## Exercise goal
The result should be the listing below, restated exactly, with its pictures left out.

Stored data Start Marker

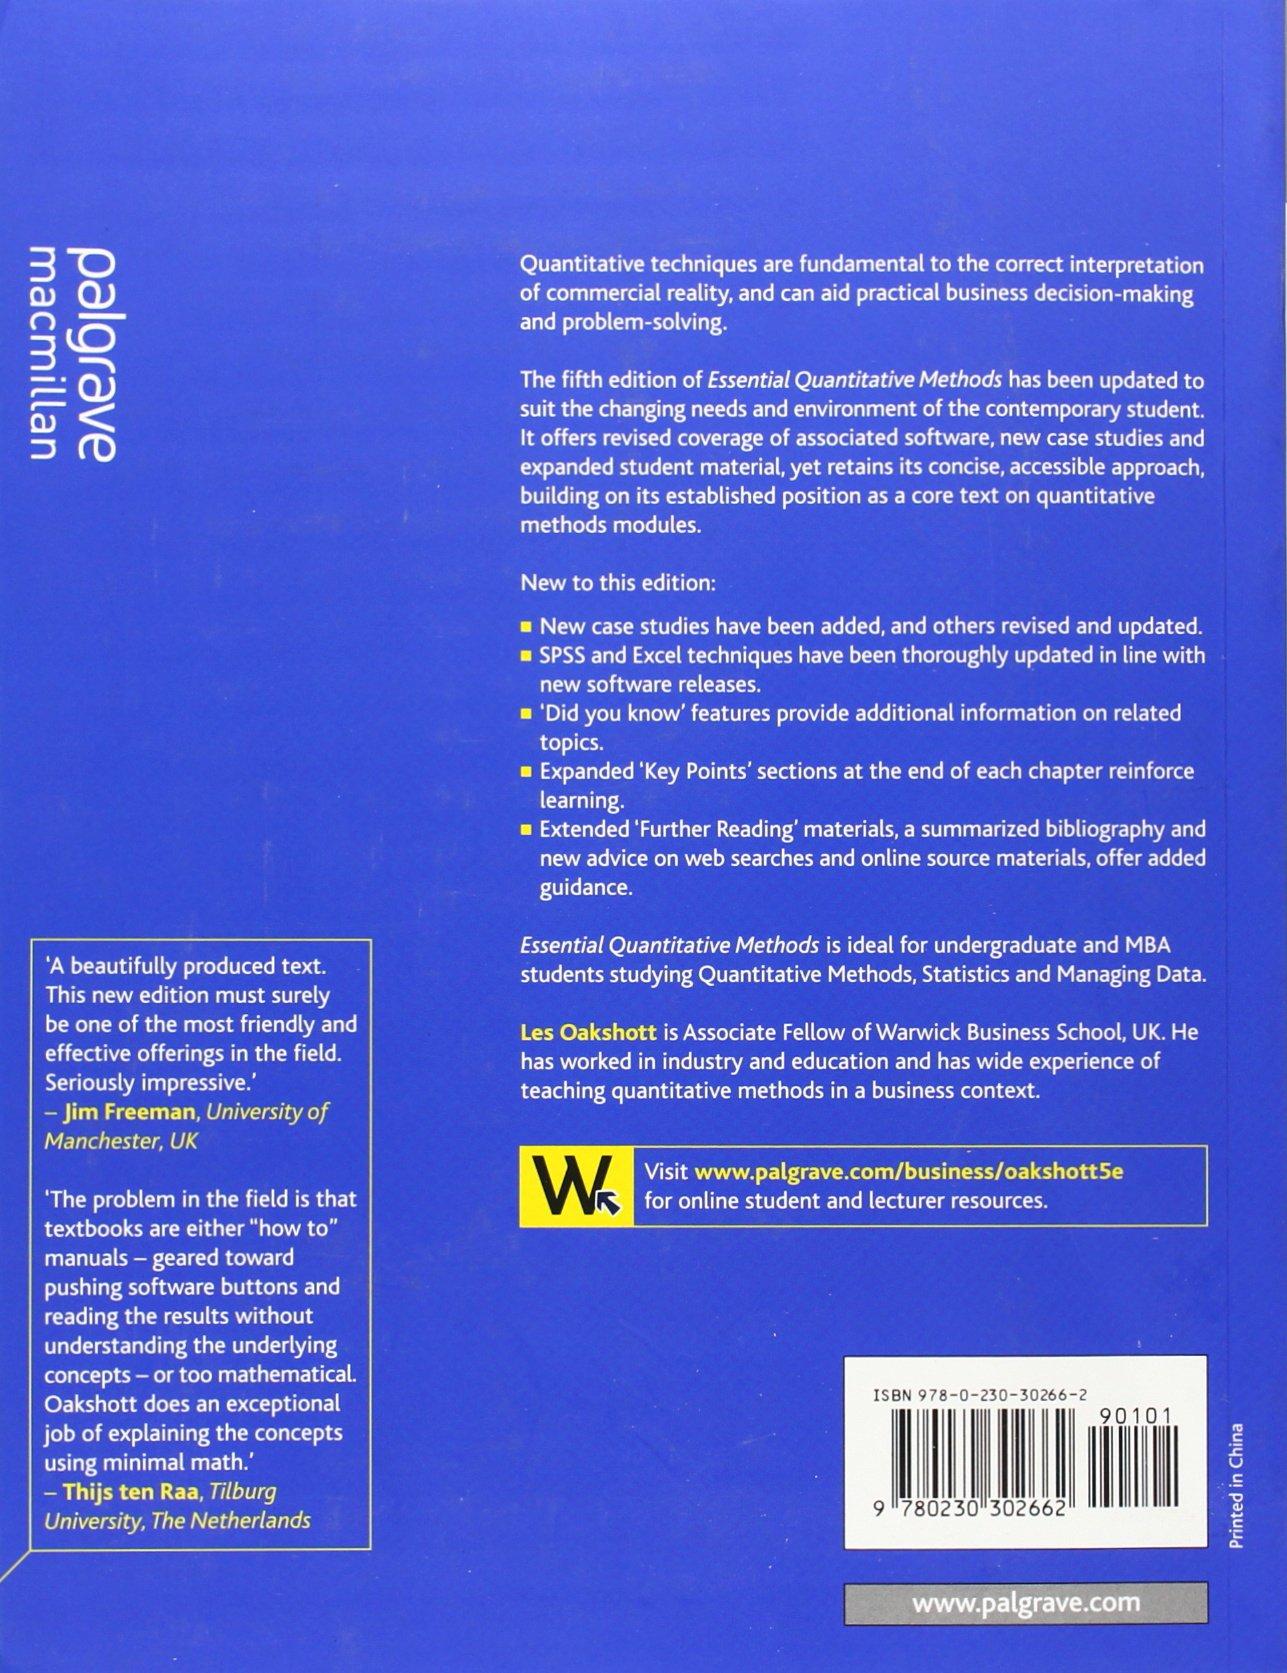 quantitative methods chapter 5 summary Chapter 5 qualitative research methods kristine florczak loading qualitative & quantitative research - an introduction - duration: 8:53.
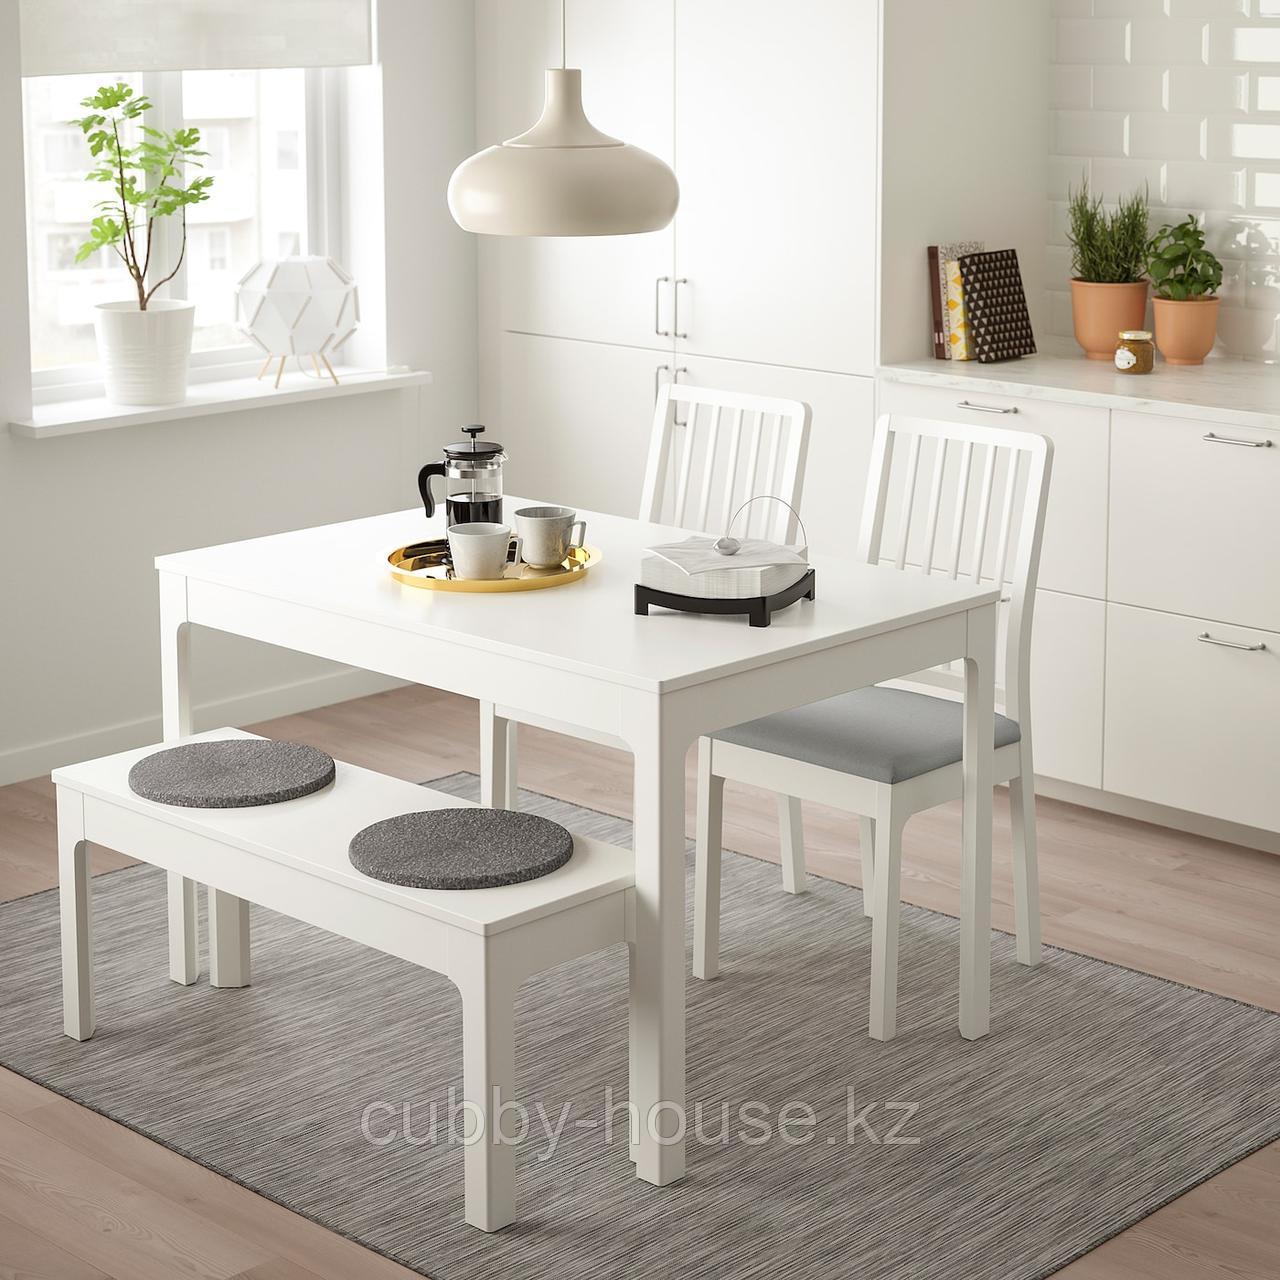 БЕРТИЛЬ Подушка на стул, серый, 33 см - фото 3
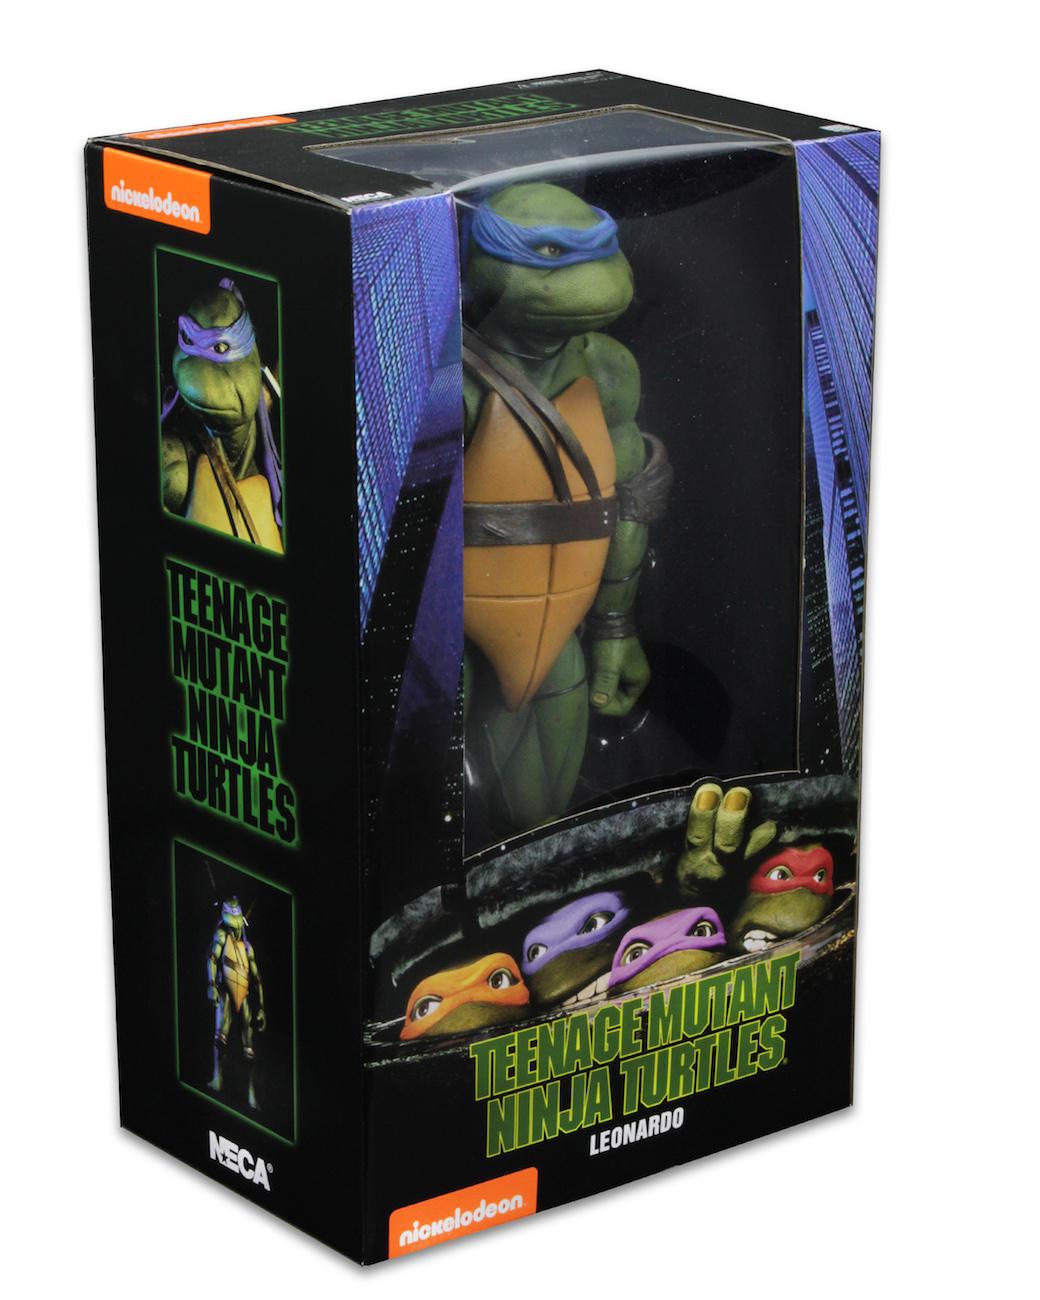 NECA-TMNT-1990-box-06.jpg

Stored data End Marker

## Answer to this problem
 quantitative methods chapter 5 summary Chapter 5 qualitative research methods kristine florczak loading qualitative & quantitative research - an introduction - duration: 8:53.
 БЕРТИЛЬ Подушка на стул, серый, 33 см - фото 3
 NECA-TMNT-1990-box-06.jpg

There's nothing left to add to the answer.